The scraper can handle output in two ways:
1. Write to a file (when `-o` or `--output` is specified)
2. Print to stdout (when no output file is specified)

This allows for flexible usage:
```bash
# Write to file
website-scraper example.com -o results.json

# Pipe to another command
website-scraper example.com | jq .

# Save output using shell redirection
website-scraper example.com > results.json
```

### As a Python Package

```python
from website_scraper import WebScraper

# Initialize the scraper
scraper = WebScraper(
    base_url="https://example.com",
    delay_range=(2, 5),
    max_retries=3,
    log_dir="logs",
    verify_ssl=True  # Set to False to disable SSL verification
)

# Start scraping
data, stats = scraper.scrape(show_progress=True)

# Process results
print(f"Scraped {stats['total_pages_scraped']} pages")
print(f"Processed {stats['total_urls_processed']} URLs")
```

## Output Format

The scraper outputs JSON data in the following format:
```json
{
    "data": {
        "url1": {
            "title": "Page Title",
            "text": "Page Content",
            "meta_description": "Meta Description"
        }
        // ... more URLs
    },
    "stats": {
        "total_pages_scraped": 10,
        "total_urls_processed": 12,
        "failed_urls": 2,
        "start_url": "https://example.com",
        "duration": "5 minutes",
        "success_rate": "83.3%"
    }
}
```

## Development

1. Clone the repository:
   ```bash
   git clone git@github.com:ml-lubich/website-scraper.git
   cd website-scraper
   ```

2. Create a virtual environment:
   ```bash
   python -m venv .venv
   source .venv/bin/activate  # On Windows: .venv\Scripts\activate
   ```

3. Install in development mode:
   ```bash
   pip install -e .
   ```

## Logging

Logs are stored in the specified log directory (default: `logs/`).
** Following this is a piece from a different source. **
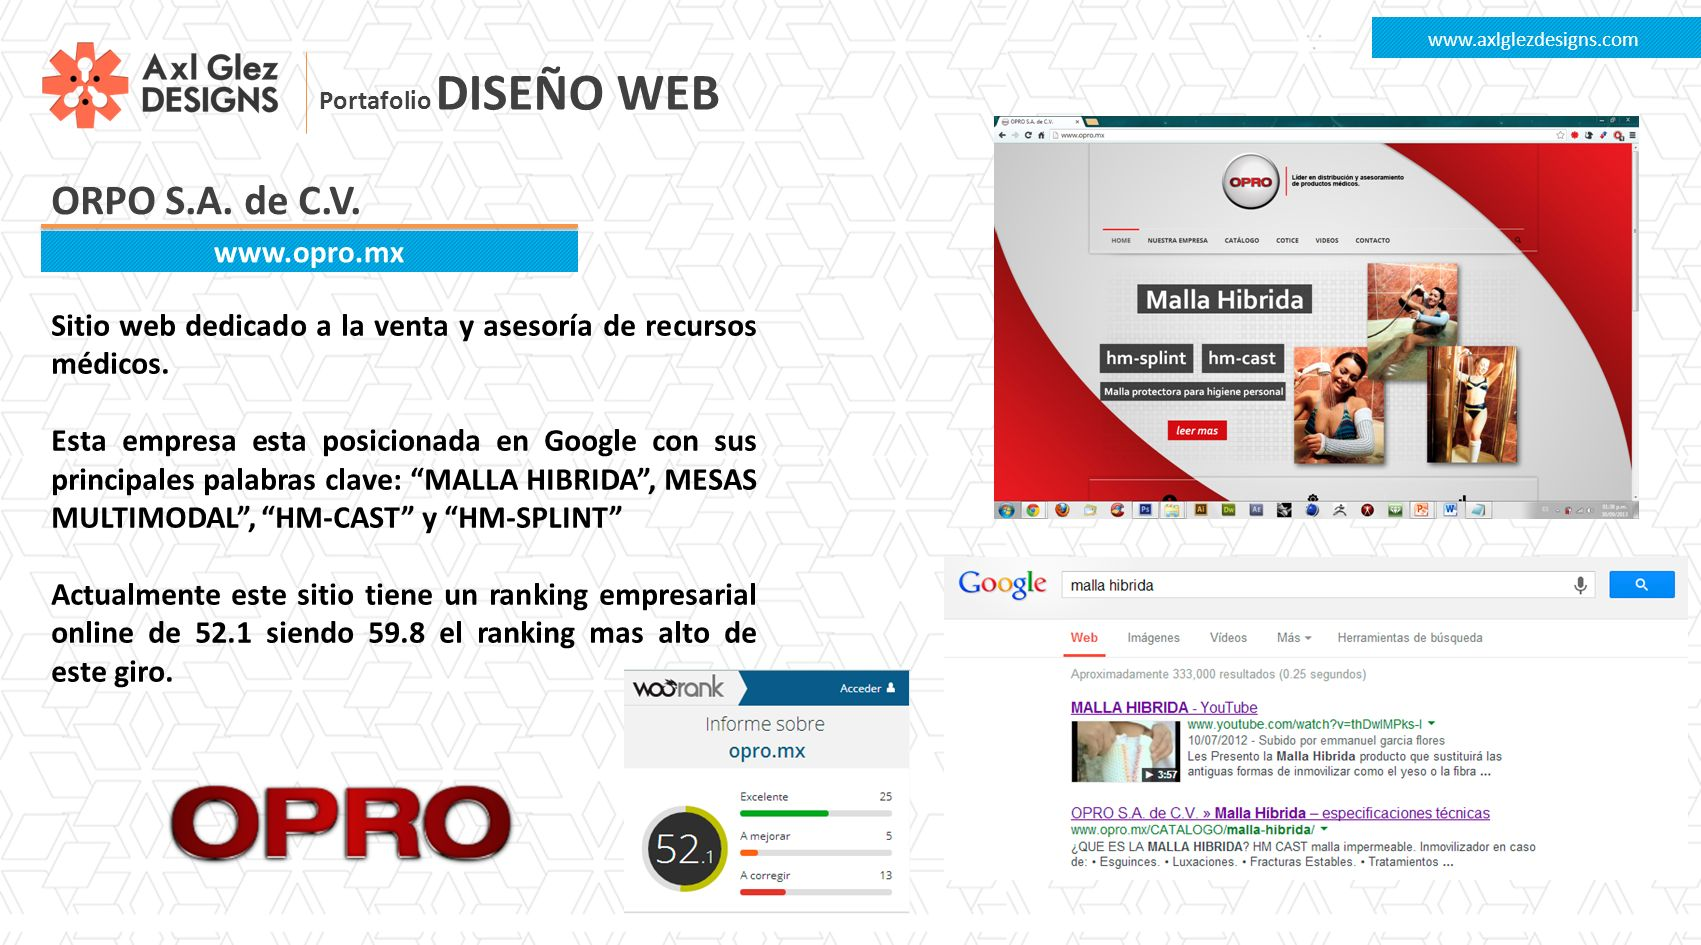 www.axlglezdesigns.com Portafolio DISEÑO WEB. ORPO S.A. de C.V. www.opro.mx. Sitio web dedicado a la venta y asesoría de recursos médicos.

Two types of log files are generated:
- `[timestamp].log`: Contains INFO level and above messages
- `debug_[timestamp].log`: Contains detailed DEBUG level messages

The logs include:
- Request attempts and responses
- Pages being processed
- Successful scrapes
- Failed attempts
- Progress updates
- Error messages
- Content type detection
- Parser selection

## Error Handling

- Automatic retry mechanism for failed requests
- Graceful handling of SSL certificate issues
- Proper handling of XML vs HTML content
- Rate limiting and timeout handling
- Comprehensive error logging
- All errors are logged but don't stop the scraping process

## Contributing

Contributions are welcome! Please feel free to submit a Pull Request.

## License

This project is licensed under the MIT License - see the LICENSE file for details.